# Hunting > Varminting and Small Game Hunting >  Subsonic 22LR round for hunting?

## MB

Did a bit of target practice with my new CZ 452 yesterday. All went well, but the CCI Mini-Mag ammo was very loud. Not surprising since they are supersonic. Is there a subsonic round that you guys recommend that is good for rabbit and other pests to a maximum range of 75 metres?

----------


## viper

The CCI sub sonic round is an excellent killer on small game and very consistent. I have found it good to over 100mtrs on rabbits. Should run very well through your CZ.

----------


## viper

Should say also that if you go the subsonic way then run a suppressor / silencer and through the CZ it will be very quiet. Choose a good spot and you will be able to plink away and not disturb other game.
I hardly ever use hi speed ammo any more, I find the subs a great way to shoot. Good luck.

----------


## veitnamcam

Whinchester 42gr powerpoint.

Sent from my SM-G800Y using Tapatalk

----------


## MB

Thanks for the rapid reply Viper. Looks like I'll be buying some CCI Subsonics then! I have a supressor and pretty happy with the the groupings of the Mini-Mags, so hopefully they will be similar.
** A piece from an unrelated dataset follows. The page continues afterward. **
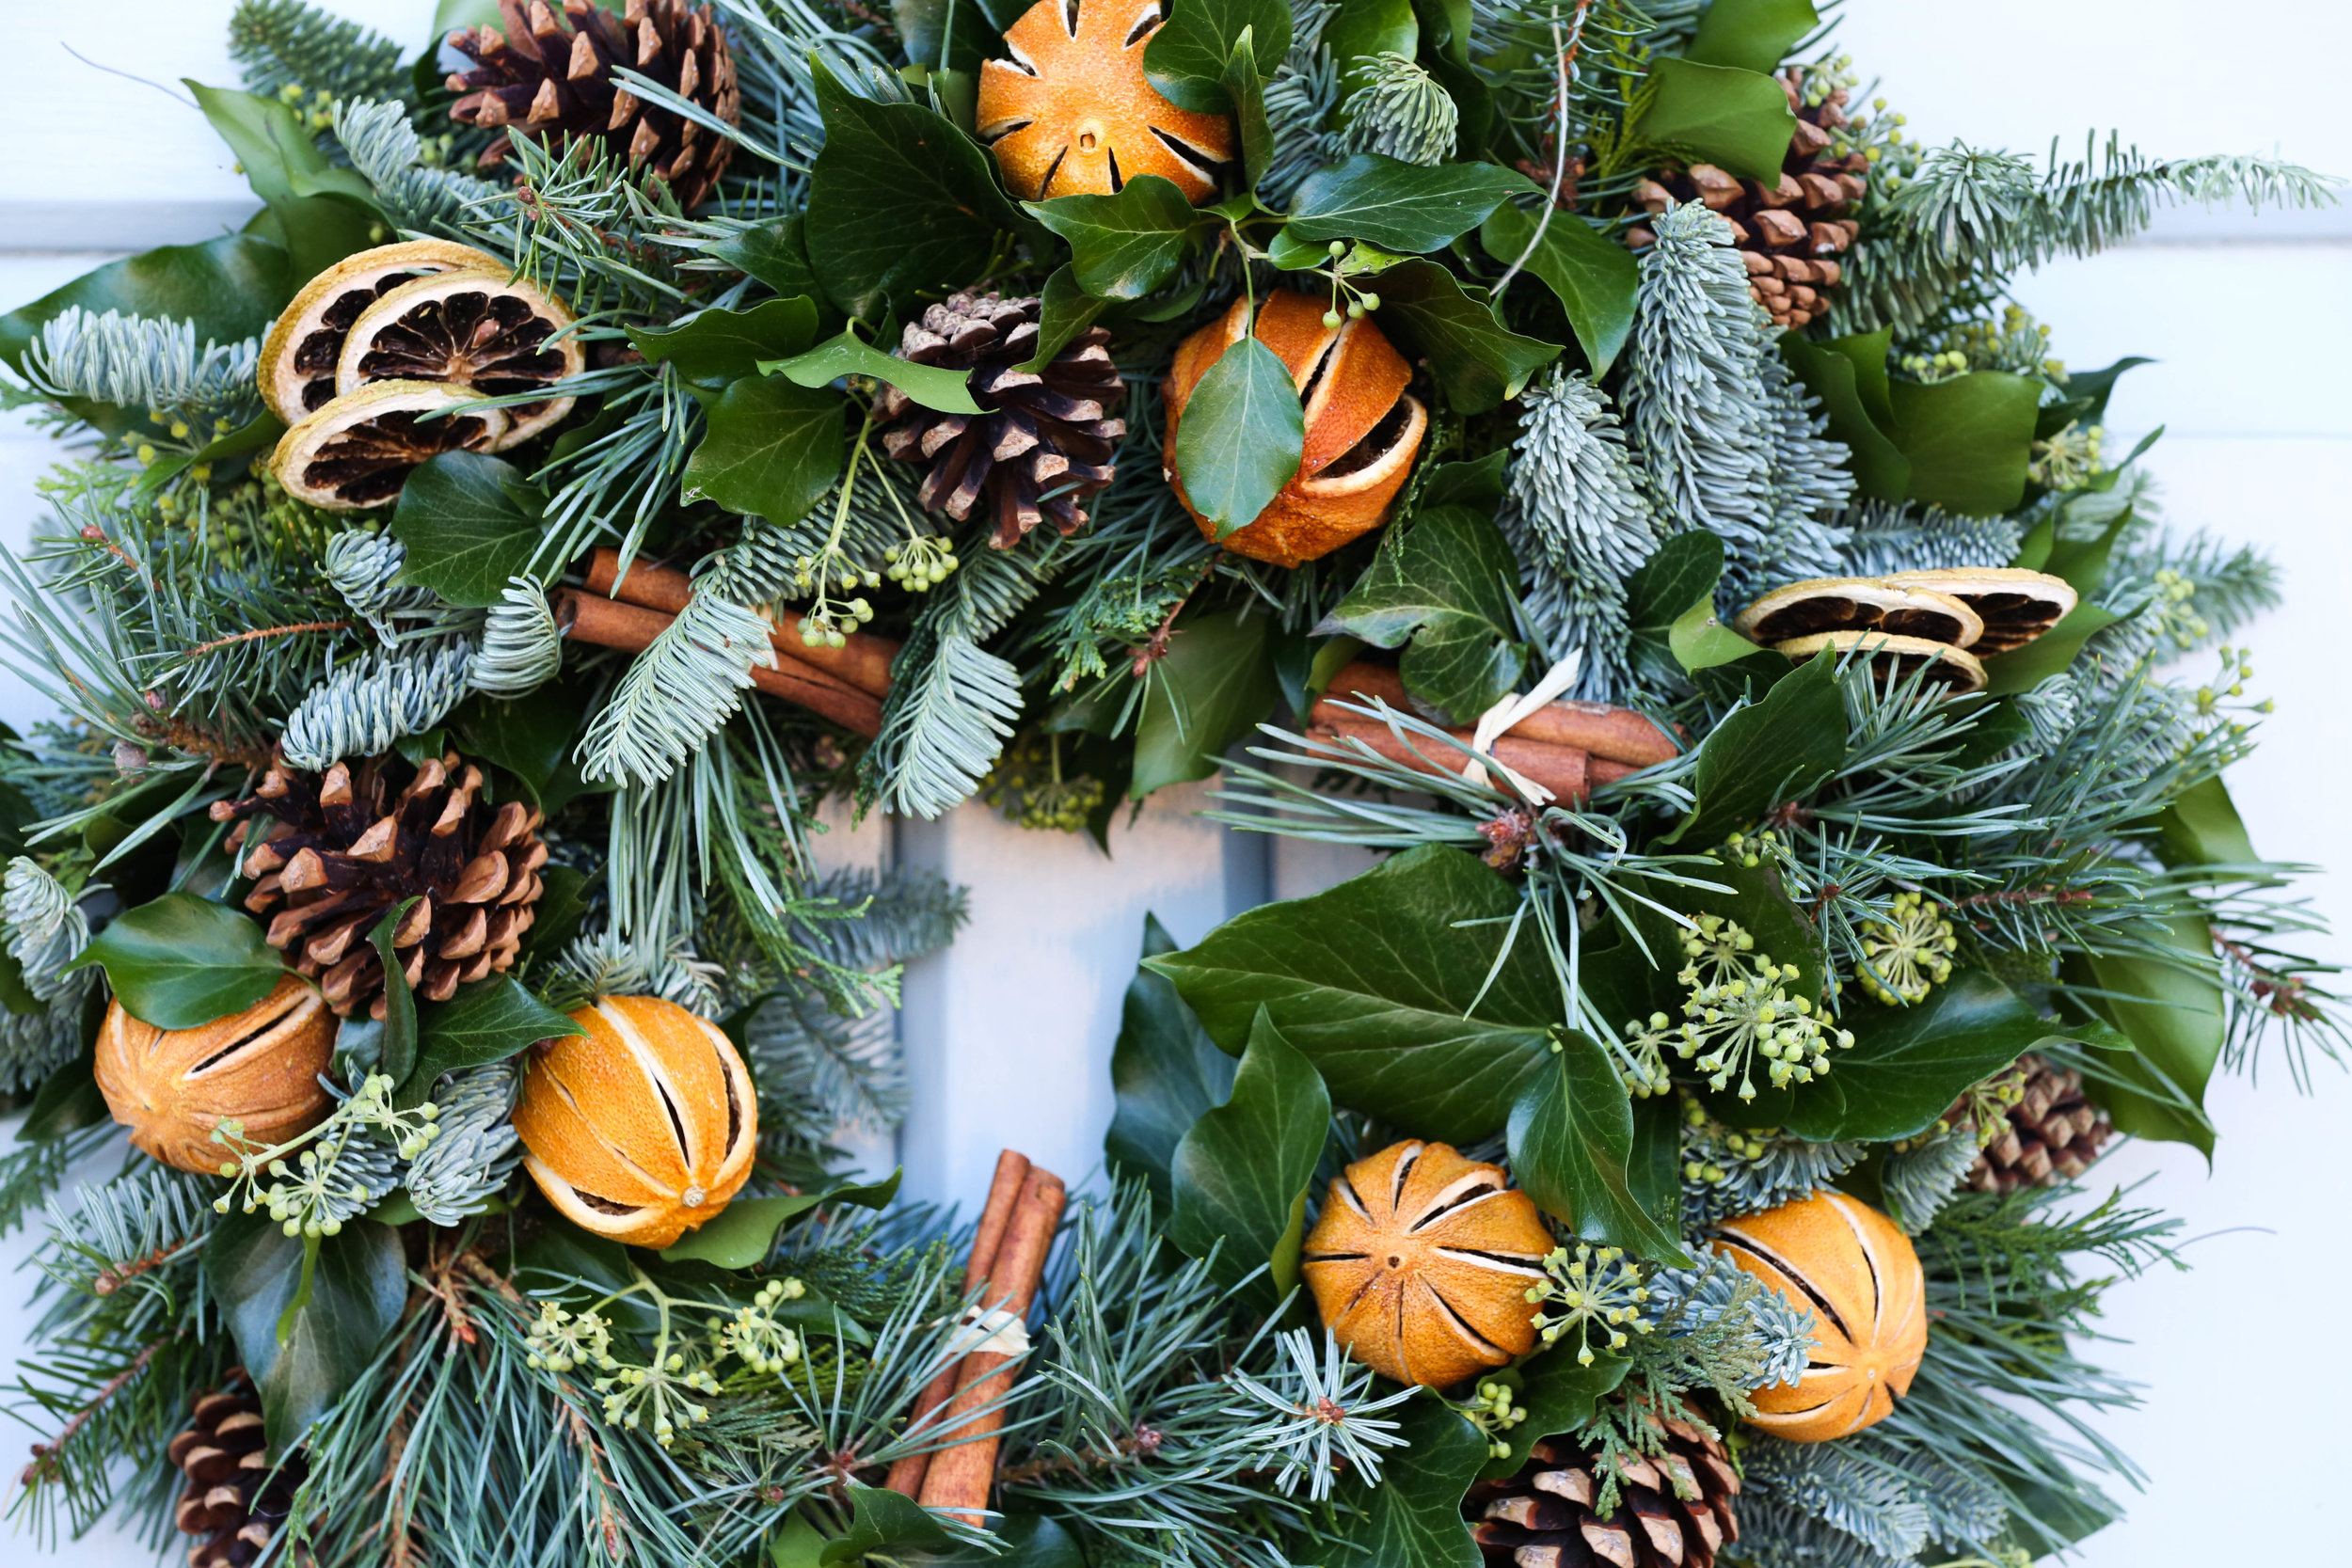 Traditional Christmas wreath

Presumably the advantage of hi speed ammo is that it gives more killing power and accuracy over longer ranges?

----------


## Marty Henry

Not necessarily, subs are generally more accurate but yes the

----------


## Marty Henry

Extra velocity does give a bit more oomph but the subs will kill just as well.

----------


## veitnamcam

The 42gr hits with a wallop for a sub. I found the cci didnt seem to expand as well as the winny subs.

Sent from my SM-G800Y using Tapatalk

----------


## R93

I only use subs in my rifles and CCI is firstly the most accurate in my rifles but I have had a funny batch that threw the odd round and would not cycle the action.
Latest batch seems all good so far.
Its not the cheapest out there but definitely the most accurate that I have tried in both my suppressed .22 semis.

Sent from my SM-G900F using Tapatalk

----------


## timattalon

If you are shooting rabbits then for all intensive purposes higher velocity only really affects the trajectory. (A bit easier to hit longer shots with a faster flatter trajectory.) 

As for energy and impact, I have shot with many many brands and types of 22 from ultra slow (or super quiet) at 800fps through to hyper speed of 1500 fps or more. And I can tell you they ALL punch straight through a rabbit and disappear out the other side. All the extra energy does is make a deeper hole in whatever was behind the rabbit.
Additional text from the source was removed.